## What is needed
Starting with the line that has "fauteuil de relaxation" in the records below and stopping after the line that has "843231adf6dc Кроссовки женские", output every line exactly and nothing else; skip pictures.

*** Opening Records for this exercise ***

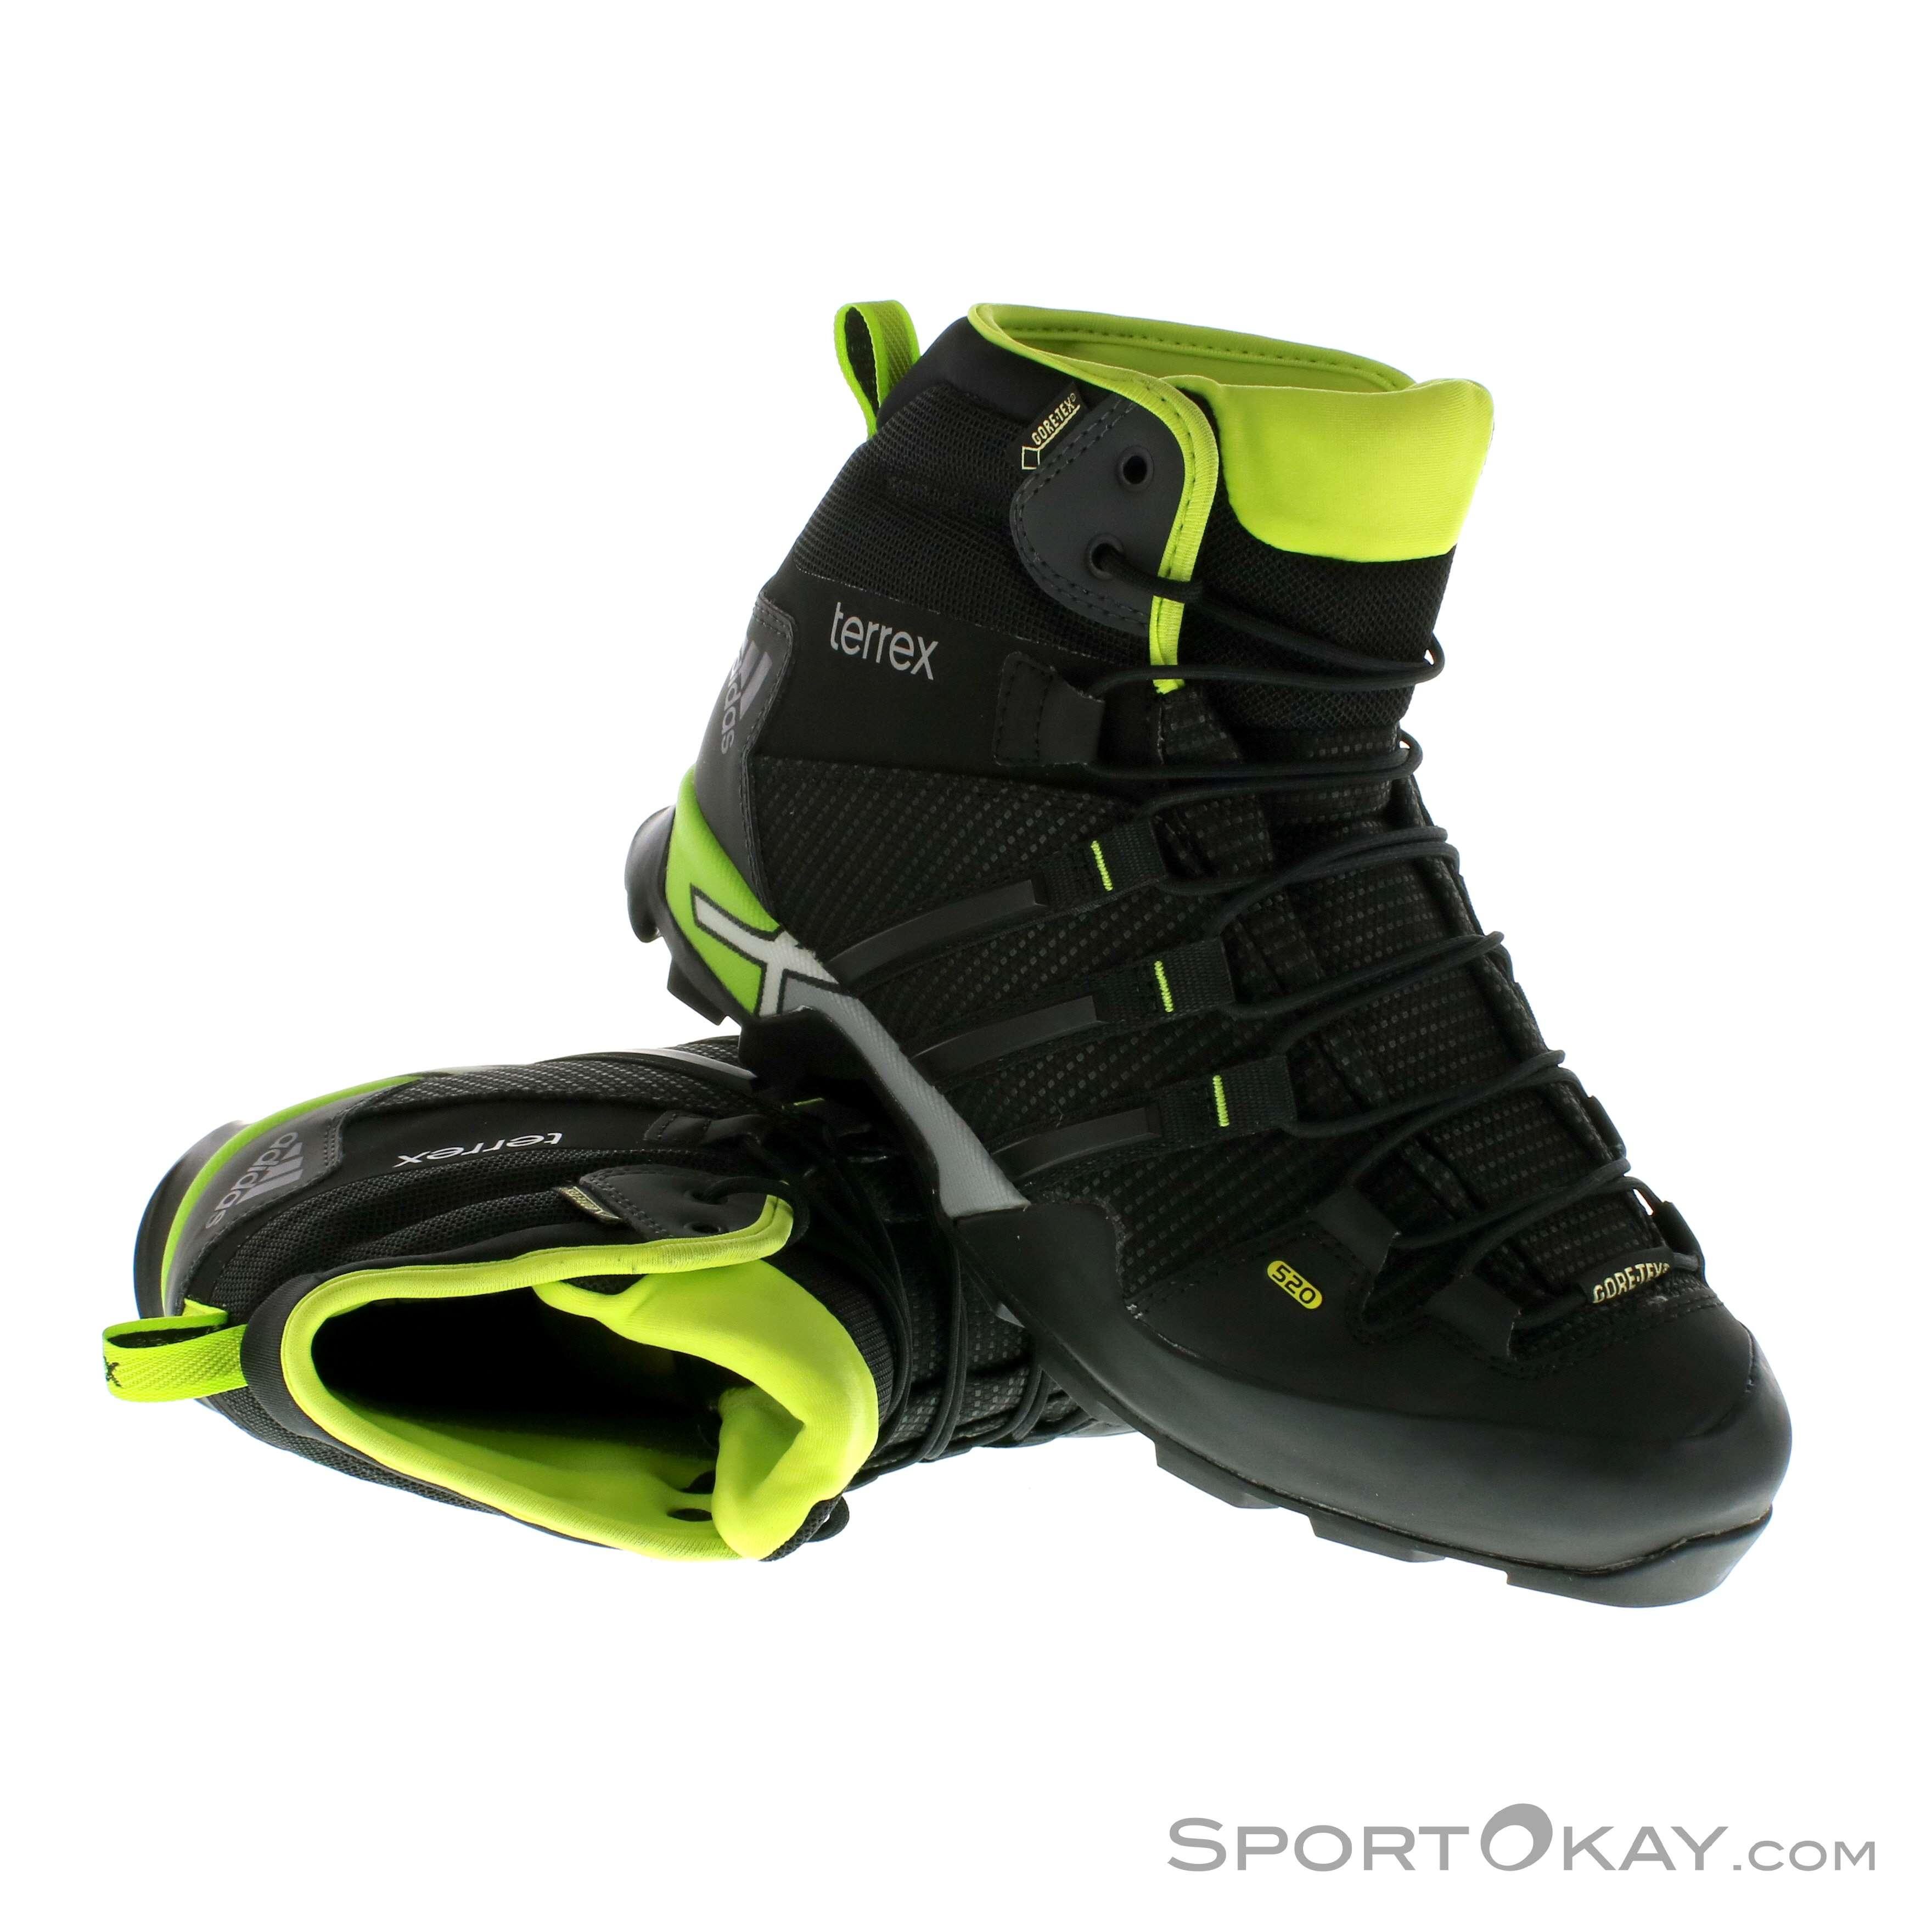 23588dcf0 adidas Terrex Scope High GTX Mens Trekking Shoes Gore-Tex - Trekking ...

*** Closing Records for this exercise ***
*** Opening Records for this exercise ***

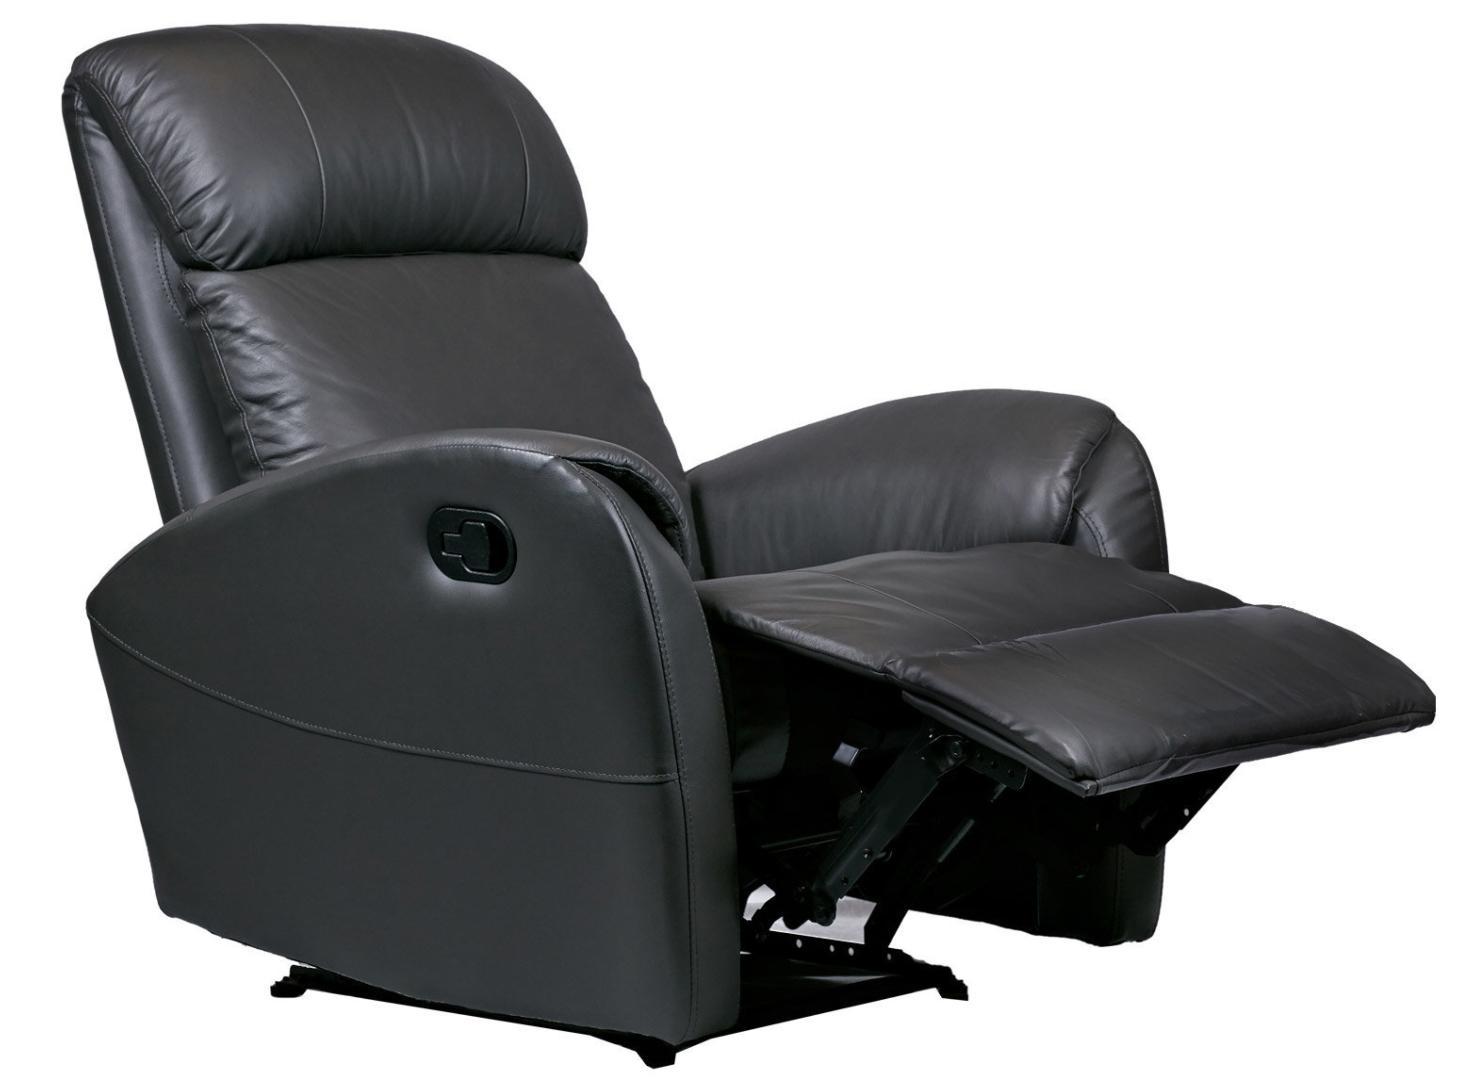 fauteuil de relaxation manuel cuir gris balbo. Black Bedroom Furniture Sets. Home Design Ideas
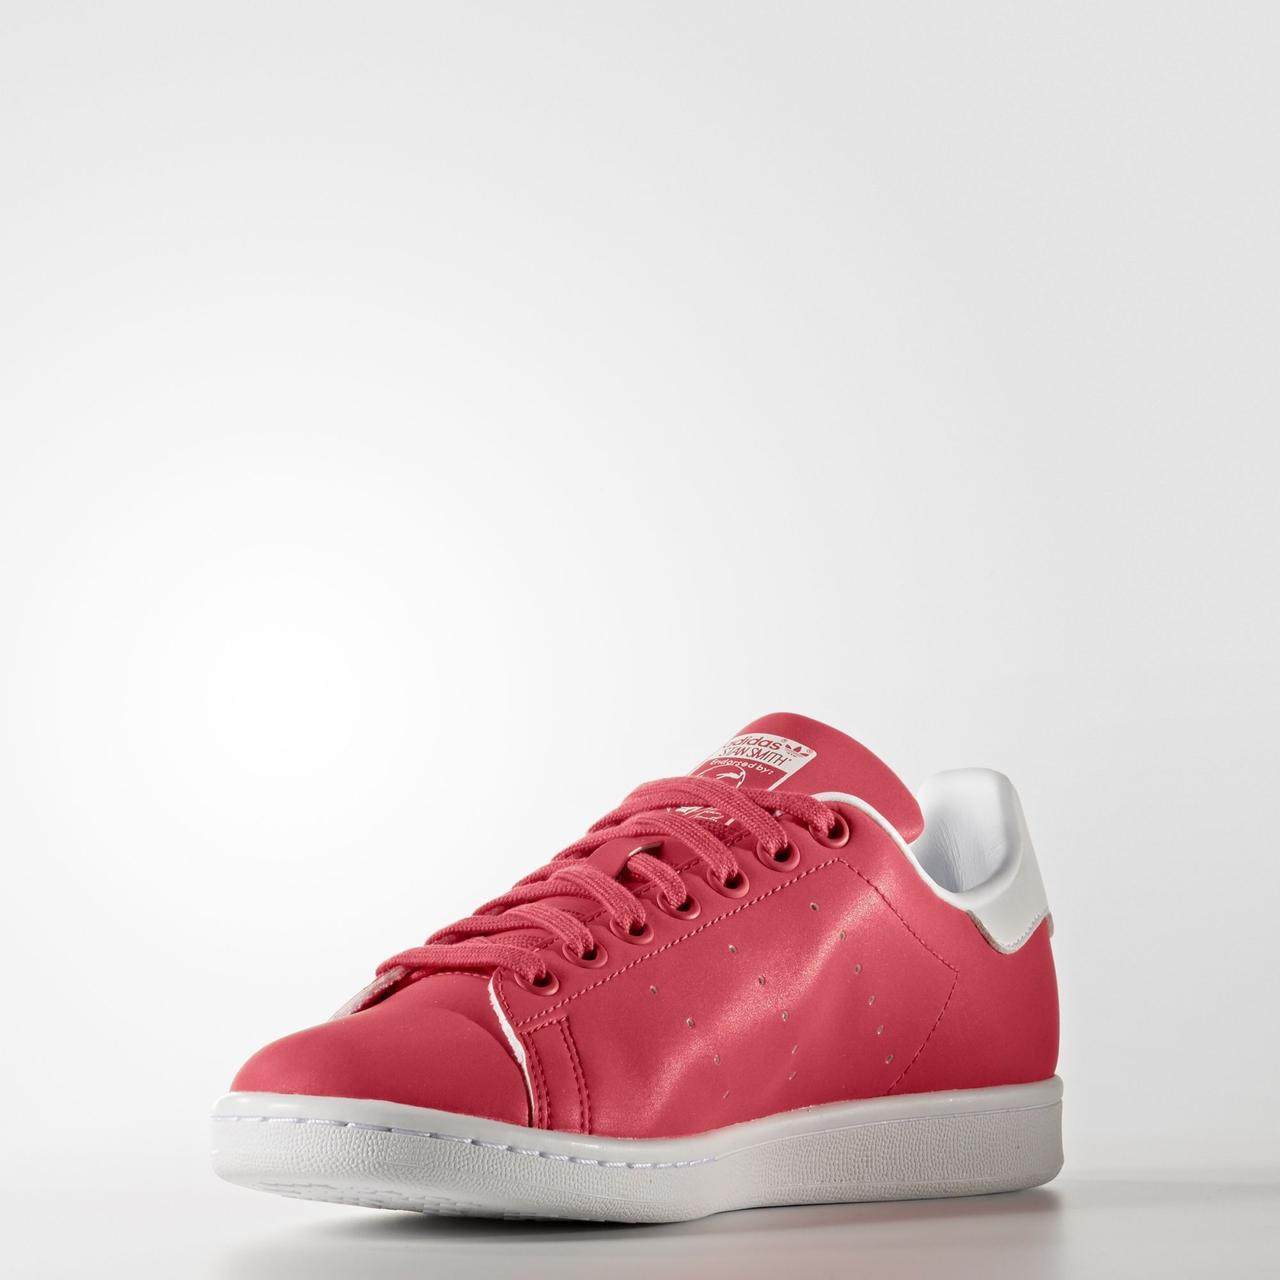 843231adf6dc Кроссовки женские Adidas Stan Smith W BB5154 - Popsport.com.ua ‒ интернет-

*** Closing Records for this exercise ***

## Exercise answer
 fauteuil de relaxation manuel cuir gris balbo. Black Bedroom Furniture Sets. Home Design Ideas
 843231adf6dc Кроссовки женские Adidas Stan Smith W BB5154 - Popsport.com.ua ‒ интернет-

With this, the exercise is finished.